A.M. Costa Rica graphic

Bad Boys, Bad Boys, you can't come here (soon)!
By the A.M. Costa Rica staff

The new immigration law would bar wife beaters but gamblers are OK.

Terrorists and drug lords would be rejected at the border, as will anyone who has been convicted of carrying a weapon illegally.

These are some of the categories of persons who would be banned from the country under the legislation that has received the first of two votes in the Asamblea Legislativa.

In addition, the law repeats the contents of the current legislation giving immigration officials wide latitude to keep out persons who might be a threat to the public order. This was the category an immigration official used a week ago to bar former Pavones resident Danny Fowlie.

Immigration entry points have been fortified with computer systems during the last year, and it is likely to expect that soon officials will be able to enforce such rules. The proposed law says that persons with certain criminal histories must be rejected immediately.

The original draft of the immigration update, presented in February 2003, also contained a provision against illegal gamblers, but lawmakers have taken that classification out of the draft.
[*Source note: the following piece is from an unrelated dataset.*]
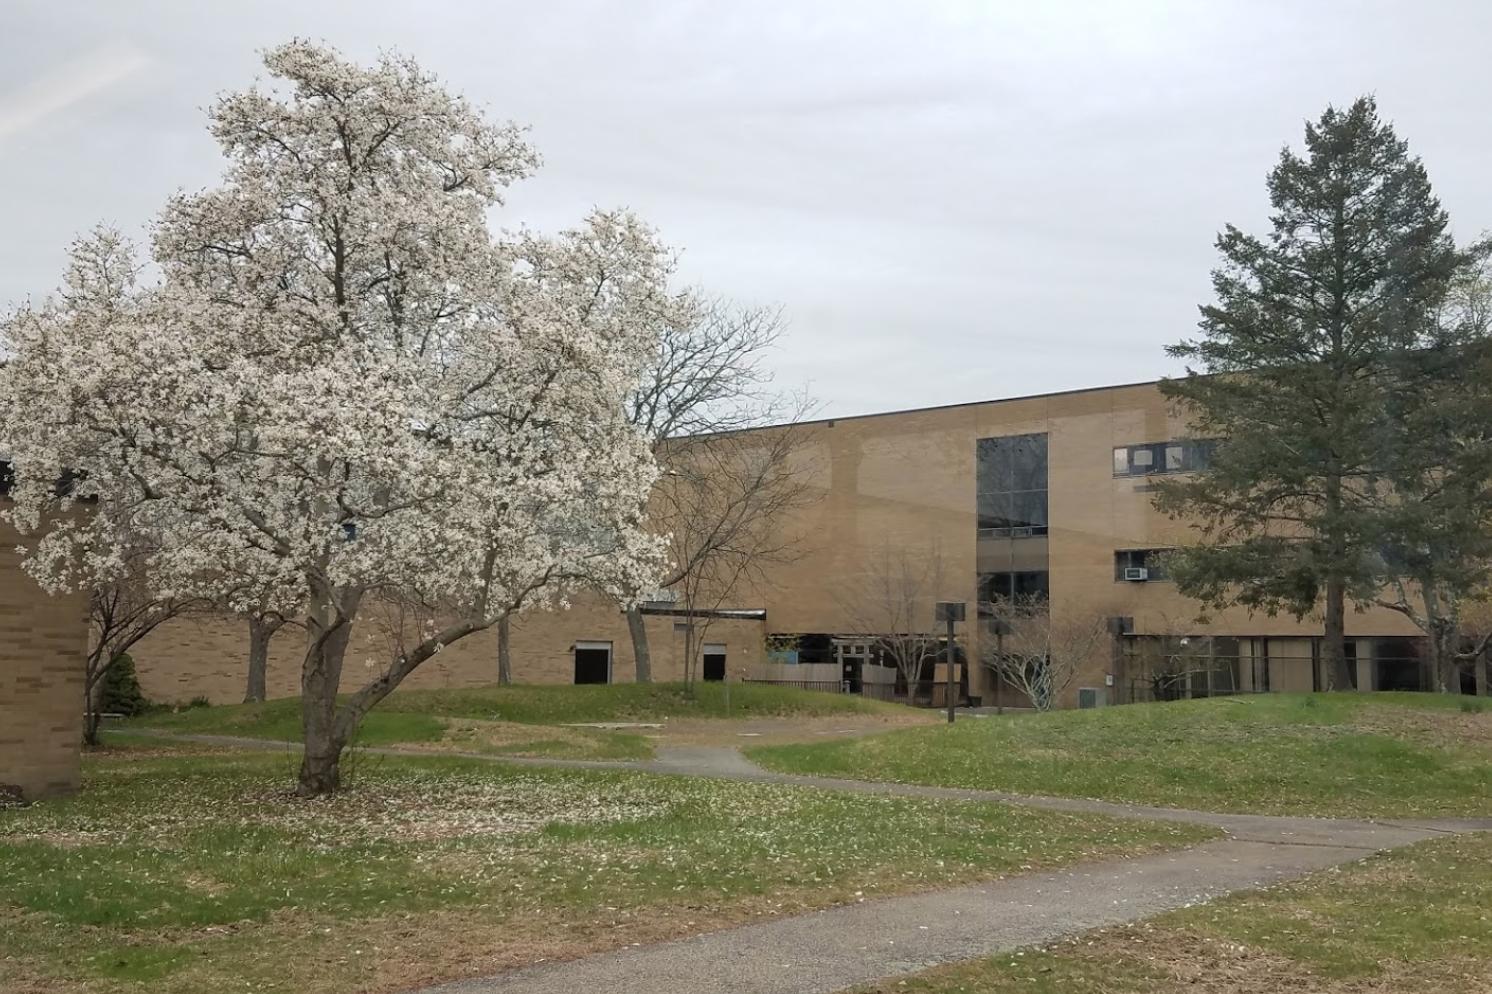 LOCAL. Attleboro High School, MA
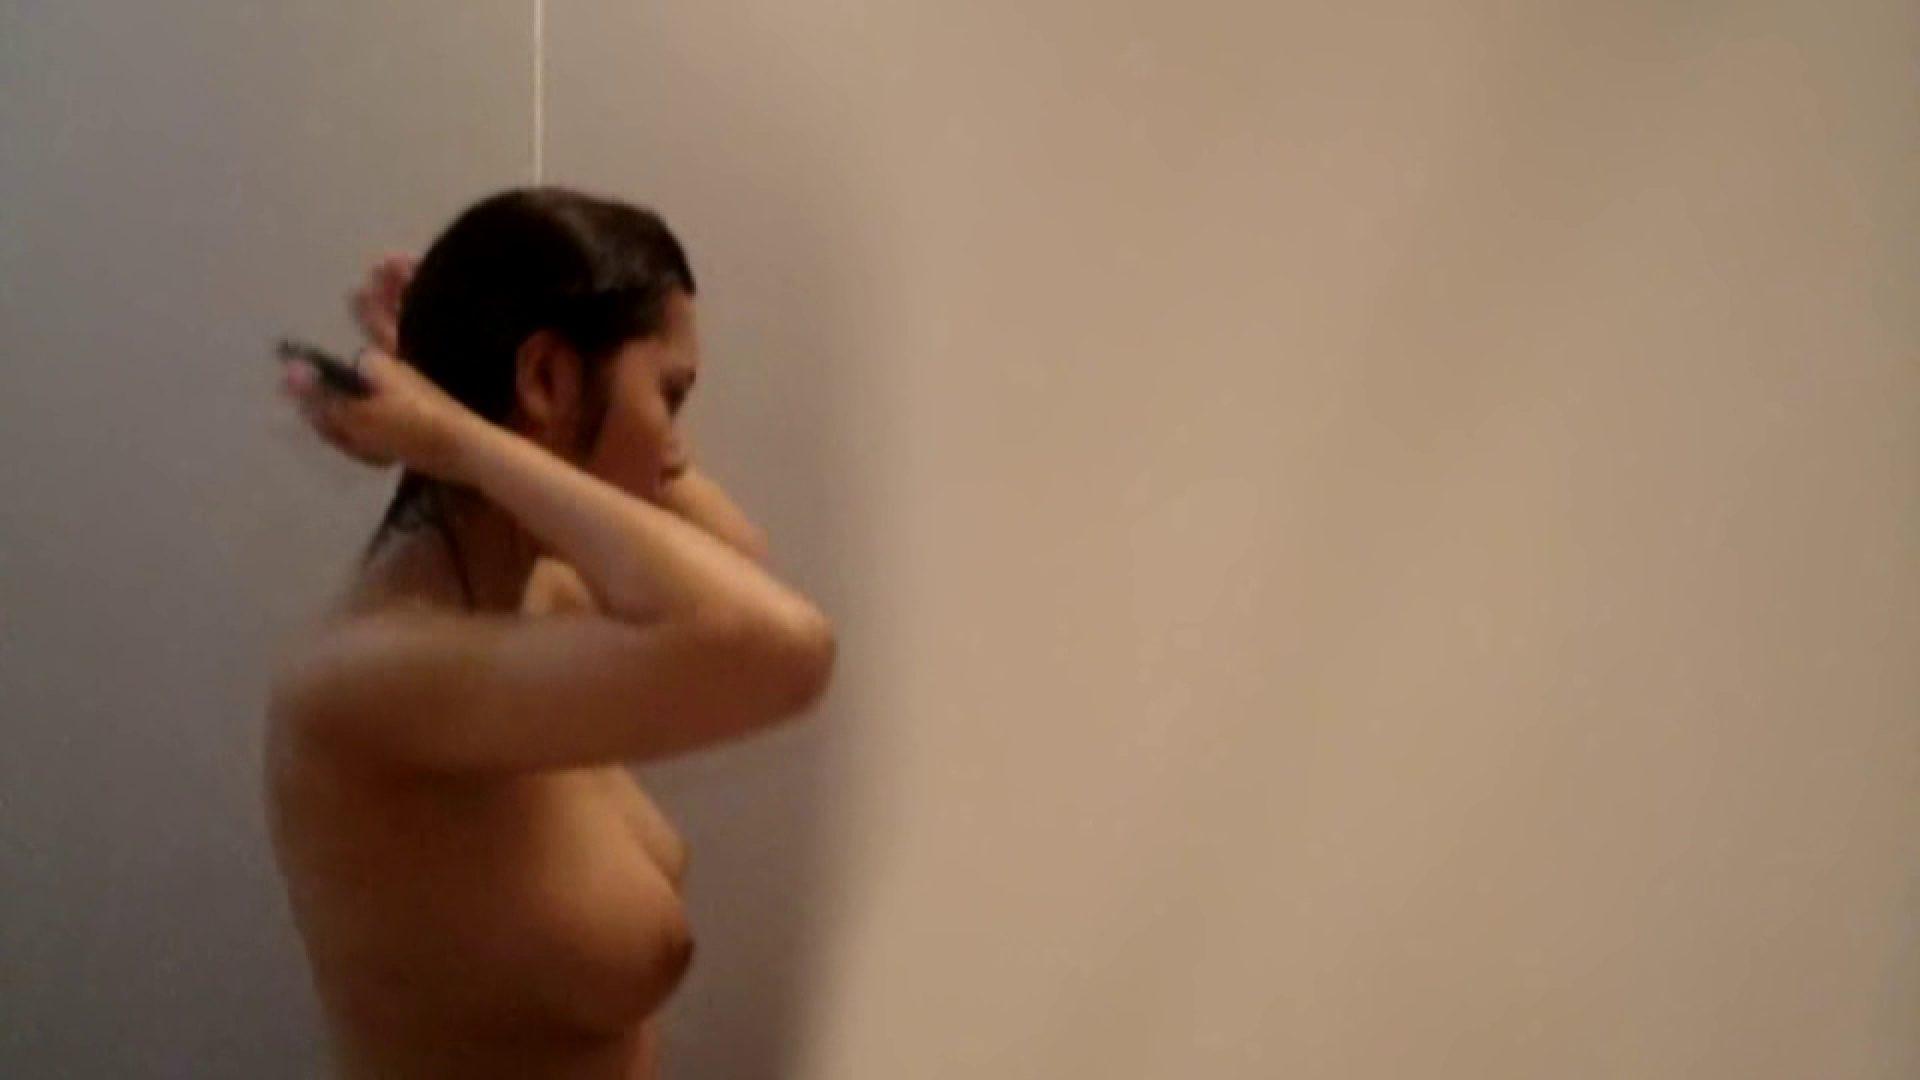 vol.2 葵のグラドル顔負けの爆乳を入浴シーンでどうぞ。 巨乳 エロ無料画像 111画像 69

In addition to drug lords and narcotics traffickers, the current draft proscribes conmen, murderers, coyotes who traffic illegal immigrants, and those convicted of tax evasion.

The rejection applies whether the conviction took place in Costa Rica or in a foreign country.

Anyone convicted of sexual abuse of minors also is not welcome, according to the draft, as are persons who deal in environmental or archaeological items considered part of a nation’s heritage.

The proposed law also lists anyone convicted of crimes against minors, the aged or handicapped as persona non grata. And a domestic violence crime is mentioned specifically. Presumably a 

conviction for husband beating also would lead to rejection.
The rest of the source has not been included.